La notion d’ « identité nationale » est à géométrie aussi variable que le rapport à « l’Autre » : « Selon les mots de Simmel, la vie sociale est faite de « portes » et de « ponts », de fermetures et de liens qui ne sont pas seulement des relations, mais aussi des modes de constitution des appartenances et des imaginaires sociaux. En ce sens, les frontières débordent les seuls Etats, elles relient autant qu’elles séparent, elles créent des identités autant qu’elles en procèdent. Alors que Daech se présente comme un prophétisme révolutionnaire ayant vocation à faire advenir une communauté universelle placée sous l’autorité de Dieu, l’Etat islamique propage un imaginaire territorial délimité par des frontières (…) La réalisation de cet imaginaire utopique et le rejet de l’Etat-nation moderne doivent s’accompagner d’une stratégie de déterritorialisation dans laquelle s’est engagé l’Etat islamique depuis 2014. »

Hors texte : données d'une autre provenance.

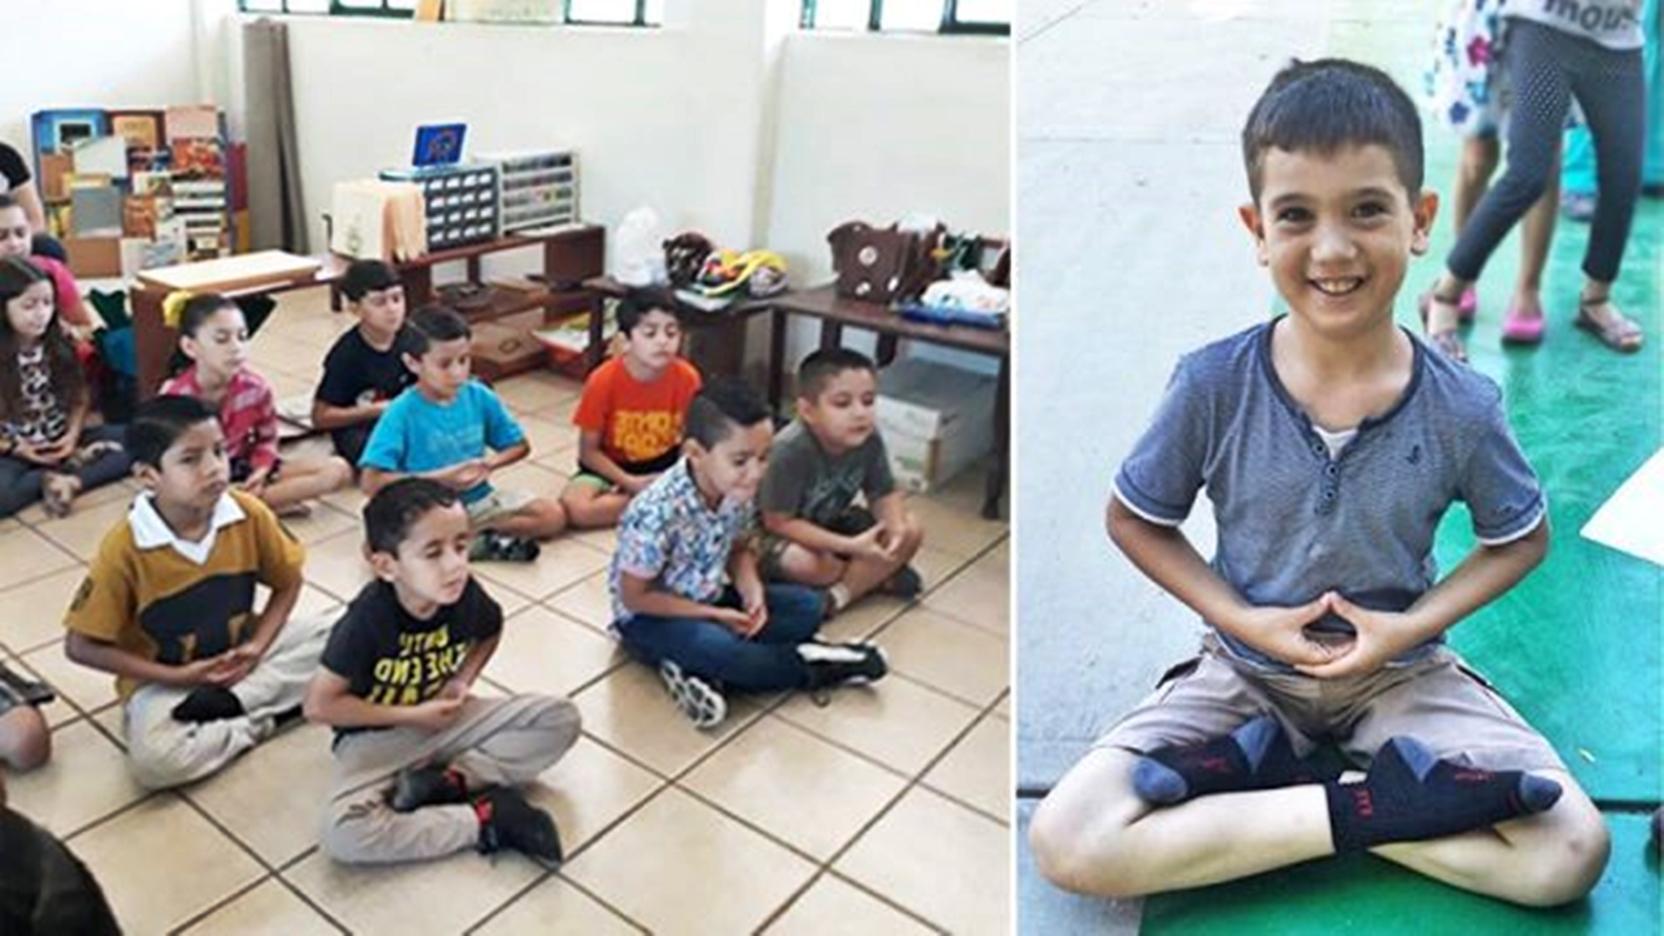 瓜薩維蒙特梭利學校安排一周一次的「和平教育」課程,對孩子們有很好的影響。(瓜薩維蒙特梭利學校提供)
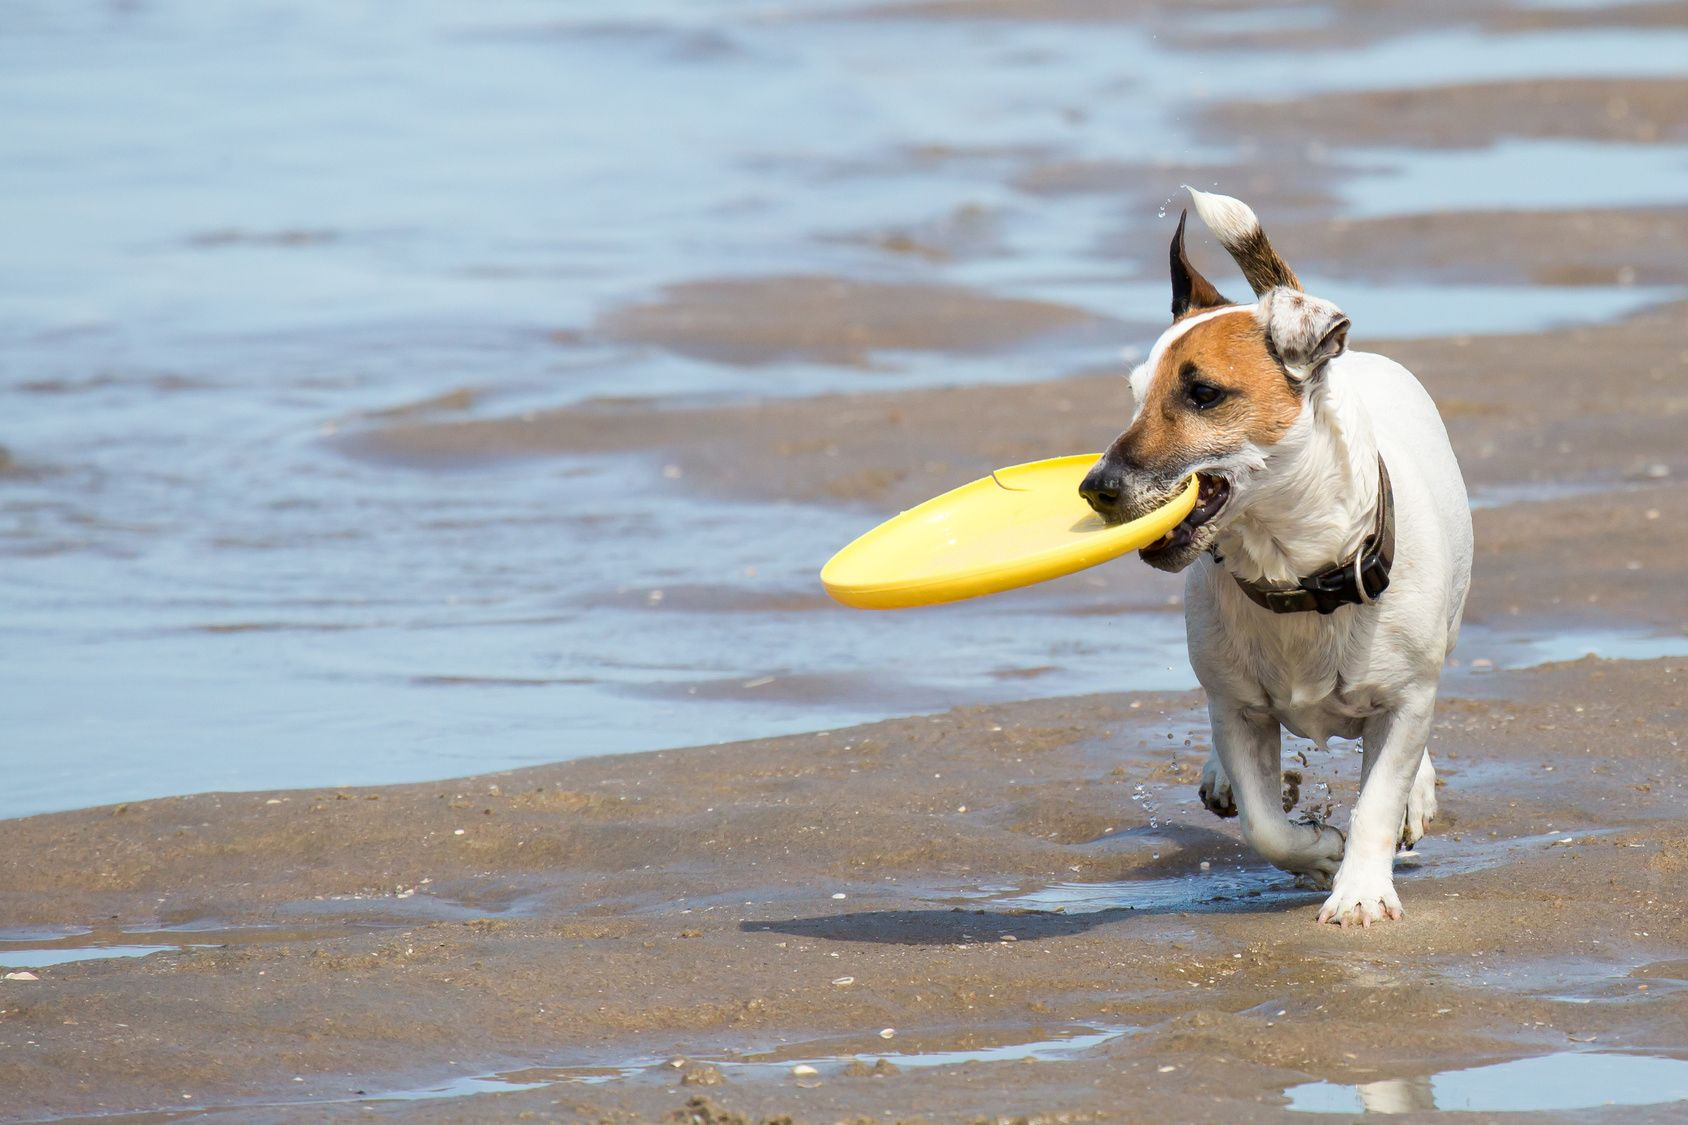 ワンちゃんも一緒にビーチへGO♪関西のペット可ビーチ5選

Mais un « retour des frontières » dans leurs formes anciennes semble peu probable pour autant – tout comme le retour d’identités monolithiques : si le désir de frontières « procède d’une volonté de reprendre la main sur des mutations économiques, culturelles et politiques » semblant échapper à tout contrôle, il n’annonce pas pour autant le retour des « sociétés nationales homogènes, fermées et protégées par leurs douanes »…

 

L’envers du paradis…

 

Isabelle Bruno, chargée de recherches au CNRS, rappelle que la plage, lieu de villégiature paradisiaque est aussi celui des inégalités : c’est un « espace politique, conflictuel, façonné par des rapports de force et des enjeux de pouvoir » – voire un « champ de bataille où l’on se bat pour imposer une certaine définition de la propriété et du commun, de la liberté et de l’égalité d’accès, de la justice sociale et environnementale ».

En somme, elle reproduit « l’ordre social dominant », révélant des « crispations qui se jouent ailleurs, autour du corps du corps des femmes et des valeurs qui encadrent son exposition » (Elsa Devienne) : « On ne fait bouger les lignes dans le sable qu’en changeant les rapports politiques dans la cité »…

Ainsi, les plages donnent à voir le « retour des frontières sous une forme inaperçue » : celle de « l’accès différentiel aux espaces naturels en principe ouverts mais en fait investis par des désirs d’appropriation qui les délimitent, les enclosent ou les compartimentent, non sans susciter des résistances en faveur de leur usage commun ».

Bref, « le social, voilà la frontière »… Et le corps de la femme, en marqueur de nouvelles lignes de front…  L’ultime ?  Alors que les discours prônent le « multilatéralisme », l’heure est à la fermeture et à l’entre-soi. Closing times… De quoi veut-on exclure au juste ? A chacun ses quotas d’indignations sélectives…

Alors que s’exacerbaient des « tensions » sans-frontiéristes, Régis Debray écrivait : « La frontière n’est pas du tout la fermeture angoissante. La frontière est une marque de modestie. Je ne suis pas partout chez moi. Il y a une ligne au-delà de laquelle il y a d’autres personnes que je reconnais comme autres. »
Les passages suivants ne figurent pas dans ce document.